Каждый следующий шаг Пойгина в этом странном жилище, где люди создали в зимнюю пору лето, приносил новые и новые невероятные открытия. Рыжебородый ввёл его в своё, как он сам сказал, спальное вместилище.
– По-русски это называется квартира, – терпеливо объяснял он, – здесь мы едим, а вот здесь спим. Подставка эта называется кровать.
– Как же ты не боишься спать на ней? Ночью можно упасть, зашибиться о дерево, – Пойгин топнул несколько раз ногой, потом нагнулся, потрогал пол рукой. – Может, ты себя на ночь ремнями привязываешь?
– Нет, сплю точно так же, как ты в пологе. Привычка. Никогда не падал. А вот моя жена, – сказал Рыжебородый, когда из входа ещё в одно вместилище вышла женщина с солнечными волосами и с глазами, как малые частички неба или голубой морской воды в пору тишины, когда море как будто спит, не шелохнувшись даже самой слабой волною. Что-то неземное почудилось Пойгину в этой тоненькой женщине с волнистыми распущенными волосами, словно явилась она из каких-то голубых далей, из тех далей, откуда порой наплывают, как безмятежный сон, вереницы лебединых стай.
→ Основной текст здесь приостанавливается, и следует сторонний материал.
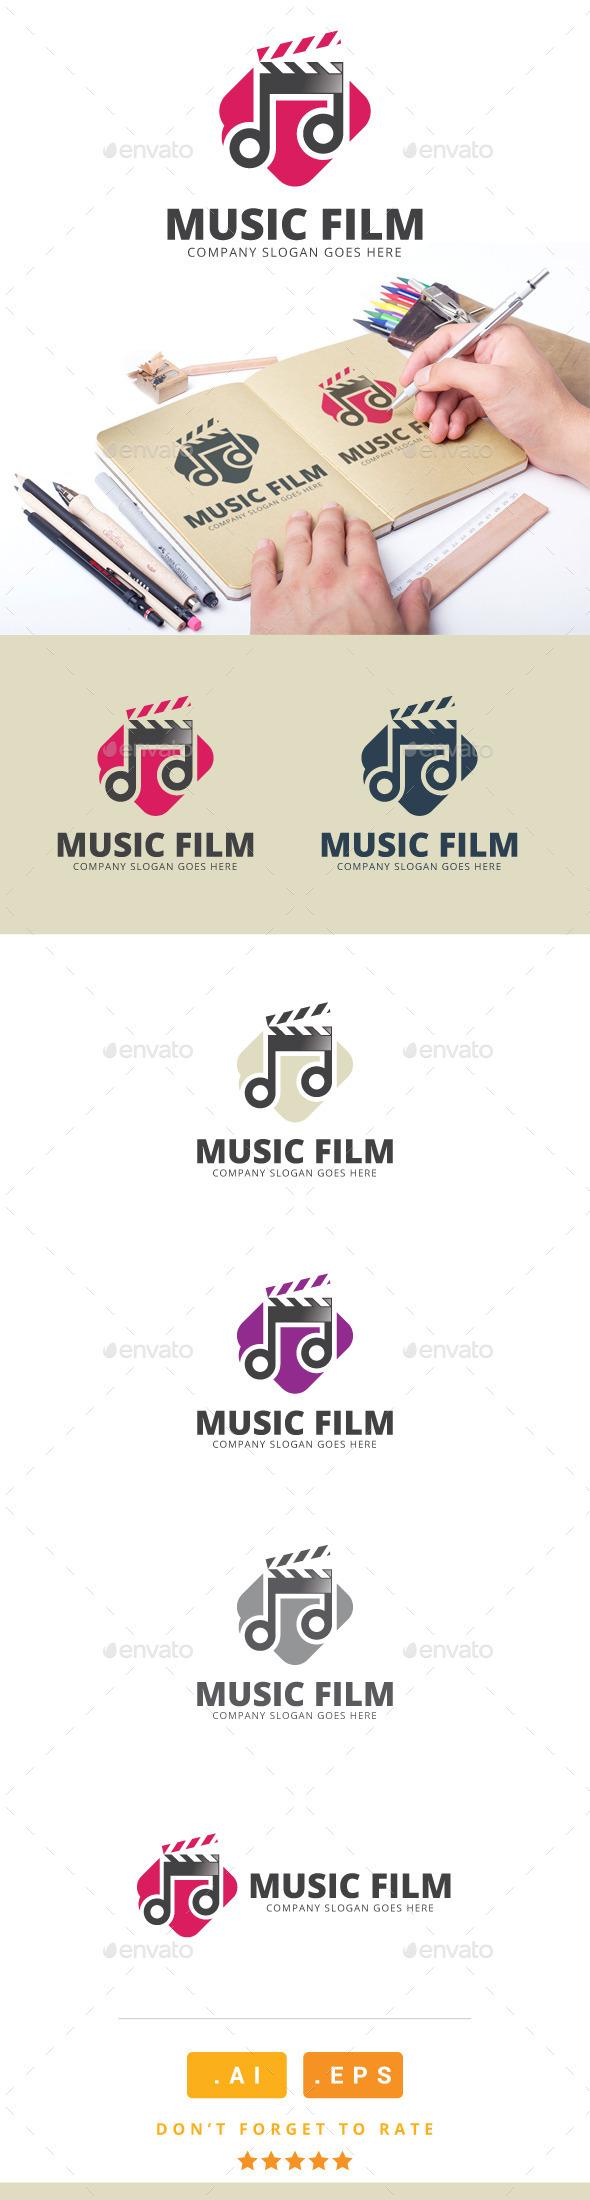 Music Film Logo

Казалось, что эта женщина сама способна летать, и цвет глаз её потому и похож на малые частицы синего неба.
И вдруг Пойгина неприятно поразило, что ноги её оголены почти до колен. Да, это было, по представлениям Пойгина, как и любого из его соплеменников, более чем непристойно. Как может она показываться мужчине на глаза в таком виде?
– Почему твоя жена бесстыдная? – вдруг спросил Пойгин со всей прямотой.
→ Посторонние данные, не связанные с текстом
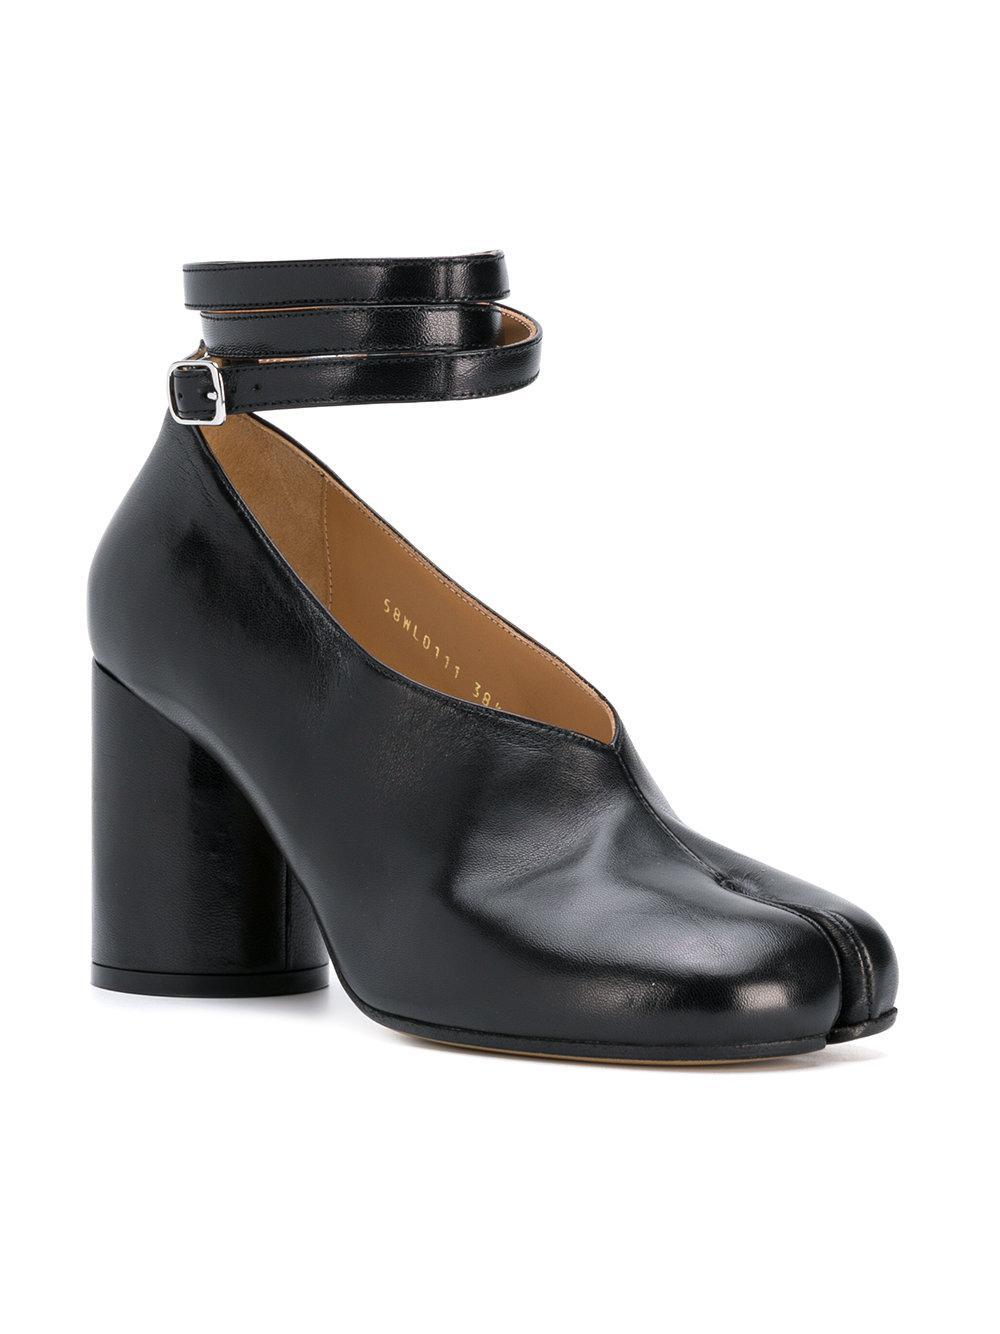 f81aa0f1fa73 Lyst - Maison Margiela New Mary Jane Pumps in Black - Save 37%

– Бесстыдная?! – изумился Рыжебородый.
– Нельзя женщине показывать ноги мужчине до самых колен.
Рыжебородый посмотрел на ноги жены, и по всему было видно, что он готов рассмеяться. Но он сдержал себя, заговорил с женой на своём языке.
– Понимаешь, Надя, наш гость шокирован тем, что ноги твои оголены до колен. Хорошо, мы это с тобой усвоим. Я думал, что знаю о чукчах всё, но, как видишь, заблуждался.
Женщина смущённо улыбнулась, глянула на свои ноги и скрылась в соседнем вместилище. Вскоре она явилась в том же наряде, однако под синей одеждой её оказались матерчатые штаны.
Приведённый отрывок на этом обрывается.